ICEの音楽をもう一度 | Perfumeとグルメの日記

Perfumeとグルメの日記

Perfumeと食べ歩き(主にラーメン)が好きです。
この2つのテーマについてのエントリーが中心です。

このブログを何回もご覧になっている方には、カテゴリーの中に、ポツンと『ICE』の項目が有ることに気づいている方もおられるでしょう。


『ICE』とは、宮内和之(プロデュース&ギター)・国岡真由美(ボーカル)の2人によって、主に90年代に活躍し、2007年12月18日、宮内和之さんが耳下腺癌のために亡くなった事によって活動を止めたユニットです。



当時として、現在にも通用する極めてハイセンスでお洒落なサウンドと、「宮兄」と後輩のミュージシャンに慕われていた、宮内氏の人望によって、彼の死後の後でも未だにそのユニットの名を音楽ファンの胸の中に残している「ICE」。



ボクは、類まれな高い音楽性を持った、このユニットをどうしても後世に残したかったので、このブログに数年前に書きました。
そして今回も、宮兄の命日にちなんで、最近になってから、このブログに遊びに来てくださる皆様に、日本の音楽シーンに敢然と足跡を残していった、「ICE」そして、宮兄の音楽をご紹介したいと思います。



今回は、宮兄が亡くなる一ヶ月前に収録したインタビューに紹介されている、ベスト盤の曲目から、インタビューの中身といっしょに音源をご紹介していきます。
ICEインタビュー
全文のリンクはこちらから


■「kozmic blue」は会社的にはダメだったんですか?

宮:怒られたよね。なんで怒られるんだかわからなかった。「こういうんじゃないんだ。君みたいなのはすぐこういうのにいってしまうんだ。いかーん!」って。
ちょうどオリジナル・ラヴが「接吻」でいい感じになって、「メローでアーバンな大人のやつもありになってきたじゃん。
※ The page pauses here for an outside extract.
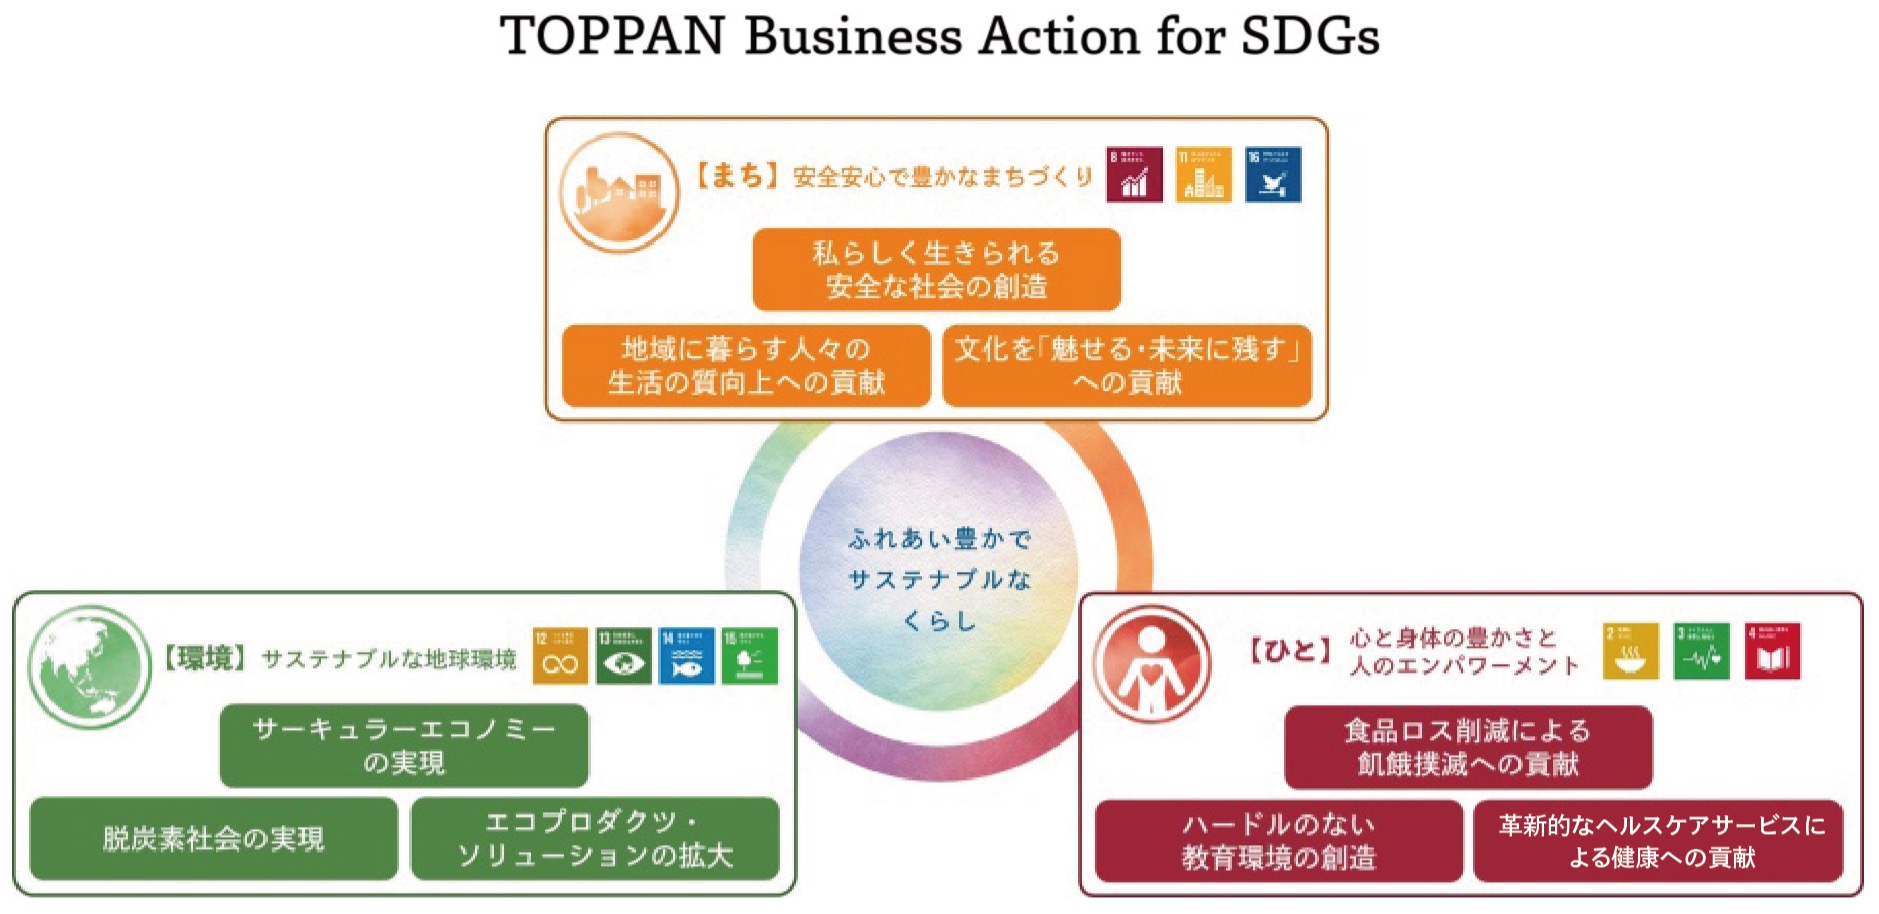 9つの注力分野「TOPPAN Business Action for SDGs」策定

いくぞウチも!」ってときに・・・でも、何度聴いても「kozmic blue」はいい曲だと思えるんだけどね。
「国岡ももっと考えて」って、国岡も「いや、私が歌うべき曲だと思うんですけど」ってね。そればっかりはもうしょうがないよね。



(この曲はブレイクしてから、CMタイアップシングルなどを経て、さらにこのユニットを売り出そうとしていた頃に発売された曲。
洗練されたアダルトコンテンポラリーな曲だとは思いますが、ボクの意見もレコード会社と同じかも・・・笑)


■ベストには入っていませんが、そのころだと私は「No-No-Boy」が好きなんですが......。

宮:そう!「No-No-Boy」だったのシングルが。「No-No-Boy」みたいなロックっぽいのは、もう2、3作待ったほうがいいんじゃないか」みたいな話で、ギリギリまで決りかけていたのをナシにして、「kozmic blue」にしたの。いずれにせよ文句言われていたんだけどね。

国:とにかくロック色が出ると「ちょっと......」みたいな感じだったんですよ。



(こっちの方がボクは好き。レコード会社は一体どうしたかったのだろうか?)


■次に区切りになったアルバムといえば、どれになりますか?

「MIDNIGHT SKYWAY」と「TRUTH」かな。自分たちでファンの人たちの年齢層を上げたよね。

■それは意図的に?

宮:意図的......、そうだね。
もうね、そのころ31、2歳になっていてね。もう自分たちの世代の音楽を作っていこうと。結局僕らは購買層でいえばドンズバなものを作っていたの。22?25歳くらいの人たちが買うものをね。でも自分たちも年齢があがってきて、32、33(歳)くらいの耳も肥えている人たちがCDを買わなくなってきて、業界も不況になってきていると。
「そこはオレらの役割なんじゃないの」と斉藤(和義)くんたちとそんな話をしていたのね。無理しないで、先輩たちにほめられなくてもいいし、若い子たちに「わかんない」って言われてもいいから、自分たちの年齢に合っている層の人たちが「おお!」って言ってくれるものを作ろうよ、って言ってたんだよね。

■それを宣言したら楽になりました?

宮:曲を作るのは楽になったけど、「そういうこと言い出したら売れなくなるよ」ってはっきり言われたのはショックだったですけどね。


(未だに、日本の音楽は20代前半がターゲットなんですよね。
「売れなくなるよ」は当時も今も同じというのは何ともやりきれませんが)



2002年以降の作品より。







この頃になると、ヒットシーンからは退いて「知る人ぞ知る」という存在になって、逆に面白い曲が増えるんですがね。
売れなくならないと、やりたい音楽がやれないというのは、なかなか皮肉ですなぁ。


20年以上前に作られているものの、洗練されたそのトラックは、この他にもたくさんの音源が各CDショップで売られ、動画サイトにも上がっております。
最近は90年代に流行った音楽がまた脚光を浴び始めているようですが、それならばこの「ICE」の音楽も、もう一度評価をし直してあげてくれたら幸いだと思っております。



「宮兄」に敬意を称して。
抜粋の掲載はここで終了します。